Na parte que tange apenas softwares eu concordo em partes com o Abu. Principalmente quando se fala na complexidade de acabar com os produtos piratas de uma vez por todas. Eu diria que seria impossível por meios violentos ou impostos por leis resolver tais questões. Só com educação, empregos e estruturas fortes de conscientização poderia se reduzir esta realidade que, diga-se de passagem, não é só no Brasil. Tanto é que até as leis são flexíveis neste caso. veja:
Não fui eu que disse, ESTÁ NE LEI!!
A pirataria, embora esteja presente na realidade brasileira não é bem compreendida por todos, pois além da aplicação desse crime ser equivocada, divulga-se ser crime toda utilização de obra intelectual sem expressa autorização do titular.
O Código Penal dispõe ser crime contra a propriedade intelectual nos termos do artigo 184, in verbis:
Art. 184. Violar direitos de autor e os que lhe são conexos: (Redação dada pela Lei nº 10.695, de 1º.7.2003) Pena - detenção, de 3 (três) meses a 1 (um) ano, ou multa. (Redação dada pela Lei nº 10.695, de 1º.7.2003)
§ 1o Se a violação consistir em reprodução total ou parcial, com intuito de lucro direto ou indireto, por qualquer meio ou processo, de obra intelectual, interpretação, execução ou fonograma, sem autorização expressa do autor, do artista intérprete ou executante, do produtor, conforme o caso, ou de quem os represente: (Redação dada pela Lei nº 10.695, de 1º.7.2003) Pena - reclusão, de 2 (dois) a 4 (quatro) anos, e multa. (Redação dada pela Lei nº 10.695, de 1º.7.2003)
§ 2o Na mesma pena do § 1o incorre quem, com o intuito de lucro direto ou indireto, distribui, vende, expõe à venda, aluga, introduz no País, adquire, oculta, tem em depósito, original ou cópia de obra intelectual ou fonograma reproduzido com violação do direito de autor, do direito de artista intérprete ou executante ou do direito do produtor de fonograma, ou, ainda, aluga original ou cópia de obra intelectual ou fonograma, sem a expressa autorização dos titulares dos direitos ou de quem os represente. (Redação dada pela Lei nº 10.695, de 1º.7.2003)
§ 3o Se a violação consistir no oferecimento ao público, mediante cabo, fibra ótica, satélite, ondas ou qualquer outro sistema que permita ao usuário realizar a seleção da obra ou produção para recebê-la em um tempo e lugar previamente determinados por quem formula a demanda, com intuito de lucro, direto ou indireto, sem autorização expressa, conforme o caso, do autor, do artista intérprete ou executante, do produtor de fonograma, ou de quem os represente: (Redação dada pela Lei nº 10.695, de 1º.7.2003) Pena - reclusão, de 2 (dois) a 4 (quatro) anos, e multa. (Incluído pela Lei nº 10.695, de 1º.7.2003)
§ 4o O disposto nos §§ 1o, 2o e 3o não se aplica quando se tratar de exceção ou limitação ao direito de autor ou os que lhe são conexos, em conformidade com o previsto na Lei nº 9.610, de 19 de fevereiro de 1998, nem a cópia de obra intelectual ou fonograma, em um só exemplar, para uso privado do copista, sem intuito de lucro direto ou indireto. (Incluído pela Lei nº 10.695, de 1º.7.2003)

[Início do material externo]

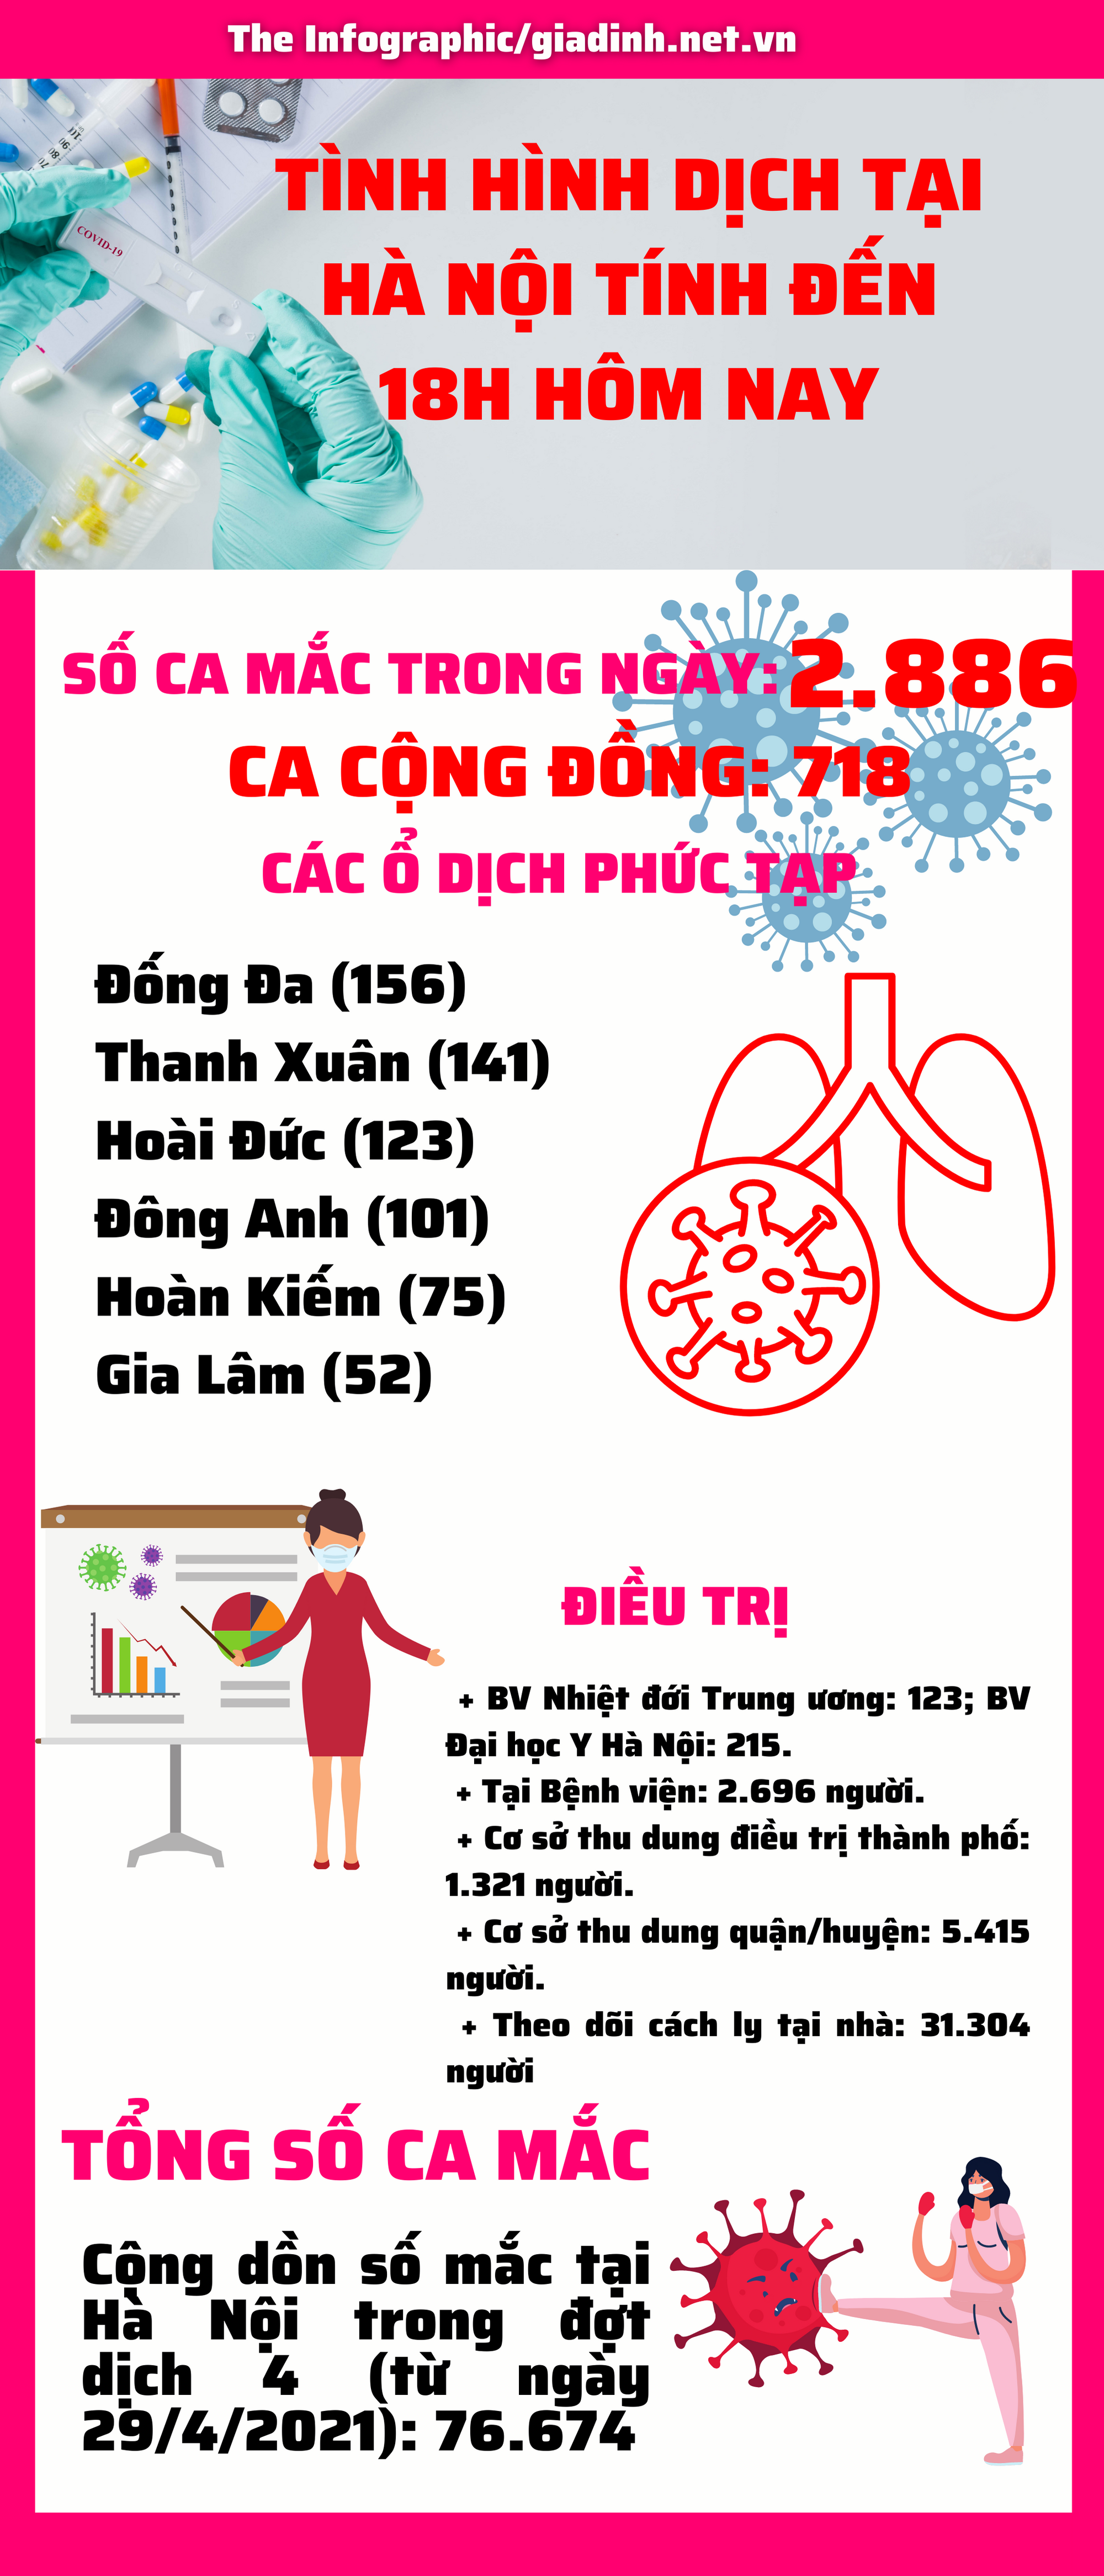 Hà Nội có 2.884 ca mắc COVID-19 mới trong đó có 718 ca cộng đồng - Ảnh 1.

Daí extrai-se que a mera reprodução, seja ela parcial ou integral, por si só, não é ilícita, pois deve vir acompanhada do "intuito de lucro". Portanto, a cópia não autorizada não configura crime, porque a conduta ilegal implica no comércio clandestino e não na cópia para uso privado.
Dessa forma, o mais coerente seria denominar pirata apenas as cópias feitas com intuito de lucro, direto ou indireto. No que tange ao lucro indireto, não significa na economia obtida na compra de produtos "pirateados", mas sim quando gravações de shows, por exemplo são exibidas em estabelecimentos comerciais sem que tal reprodução, ainda que gratuita, fosse autorizada.
Ressalte-se que, a cópia não autorizada adquirida no comércio paralelo para o uso privado e sem intuito de lucro, também não pode ser considerada pirataria, vez que se trata de conduta atípica.
Resumo da pescaria: Uma vara com dois idiotas, um em cada ponta.